Es así. Argentina no es diferente de Méjico, por ejemplo. Ambos países tienen casi igual productividad media pero a su vez ésta es el 28/30% del valor de Estados Unidos, Australia, Italia, Francia o Alemania, países que tienen diferencias entre sí que no superan el 10%. Repito: la productividad media del mundo central es más de 3 veces la de países líderes de América Latina. Y la tendencia sigue. Corea del Sur tiene el mayor aumento de productividad, con más del 2% anual. Los países mencionados están entre 1.3 y 1.5%. Argentina en 0.8/0.9% anual.

Hay varios efectos negativos a destacar por esa diferencia. El principal es que en una economía globalizada, ninguna multinacional tenderá a pagar aquí salarios mayores al 30% de lo que paga en el mundo central y esa política fija automáticamente un techo para los salarios reales de toda la economía. La dependencia se muerde así la cola. Es causa y efecto de los bajos salarios, en un tránsito circular lamentable.
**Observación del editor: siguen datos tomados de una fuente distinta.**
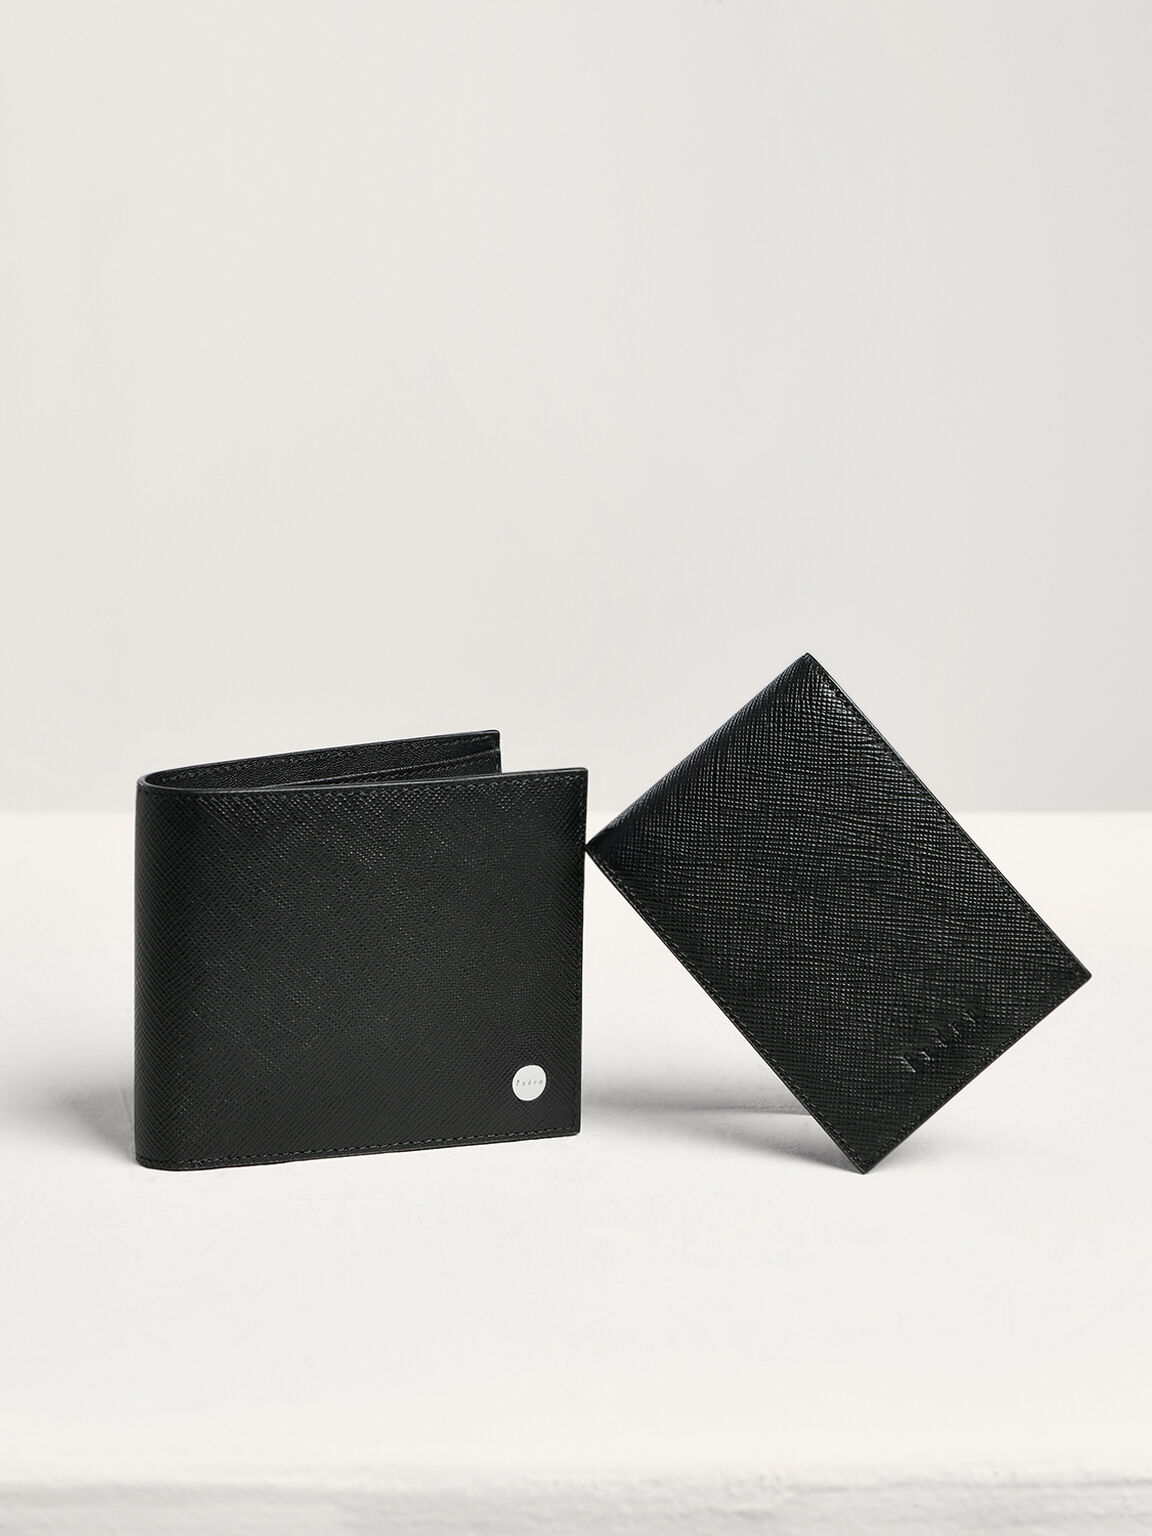 Oliver Leather Bi-Fold Wallet with Insert, Black, hi-res

En definitiva el camino hacia una mayor justicia distributiva tiene dos senderos.

a) Discutir hoy cual es la distribución equitativa de la riqueza generada.

b) Establecer una política nacional masiva de aumento de la productividad y controlar con rigor la distribución de sus resultados. En un documento futuro se analizará a su vez cómo compatibilizar esa política con el intento de incluir a todos en el trabajo.

Todo lo anterior no es fruto de una mente afiebrada. Corea del Sur y Taiwan, por caso, salieron del fondo de la economía a través de crear sendos consejos nacionales de la productividad y el salario, que se ocuparon que durante 40 años – leyó bien: 40 años – el salario real media aumentara todo el tiempo, en una proporción casi idéntica al aumento de la productividad media.